Jokes aside, the capabilities of AI applications have taken a quantum leap across each of these generations. People always want more—it’s a hedonic treadmill. What we accomplished with regular deep learning became a commodity, so we jumped to context engineering. When that became a commodity, we jumped to agent engineering. The complexity of the use cases just keeps increasing.
Ben Lorica: Is there an overlap with tools like Ray Tune that allow for hyperparameter tuning?
Arun Kumar: Yes, I would say our approach is a generalization of the Ray Tune concept. Let me explain the difference in the parallelization mechanism. Ray Tune does task parallelization—if you have four workers, you can do four things at once. At RapidFire AI, we use a mechanism called hyper-parallel execution. I can launch a thousand combinations simultaneously, even on those same four workers. Not all combinations will run to completion. We automatically partition the data and provide quick estimates in an online, aggregated manner, so you don’t have to wait until the very end to see how well a configuration performs.
Ben Lorica: I just realized we might even be oversimplifying things. When building an agent, you have tools, skills, and context files like agents.md. You have to optimize all of those as well. Interestingly, a new paper just came out suggesting that using agents.md files actually makes performance worse.
Arun Kumar: I saw that. Yes, it turns out you’re often better off without those instructions.
Arun Kumar: And that introduces yet another knob to tune, right?
Ben Lorica: Exactly.

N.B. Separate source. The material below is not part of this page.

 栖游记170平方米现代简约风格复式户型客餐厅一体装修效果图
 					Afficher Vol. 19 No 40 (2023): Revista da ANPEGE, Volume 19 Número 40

Then, to your earlier point, you might realize, “This skill is too complicated; it should actually be broken down into three separate skills.”
Arun Kumar: Yes, that is exactly right.
Ben Lorica: It becomes an unending process. AI teams obviously need to tune their applications to make them reliable, but at some point, you have to decide to stop running experiments, right?
Arun Kumar: That’s right, because you don’t have infinite money for tuning. At some point, the return on investment is satisfactory, and you just have to ship it. Once it’s in production, you can collect more real-world input-output pairs.
Ben Lorica: And then that real-world data informs your ongoing optimization.
Arun Kumar: Exactly.
Ben Lorica: On that somewhat daunting note, thank you, Arun.
Arun Kumar: Thank you for having me, Ben, and thank you to your audience as well.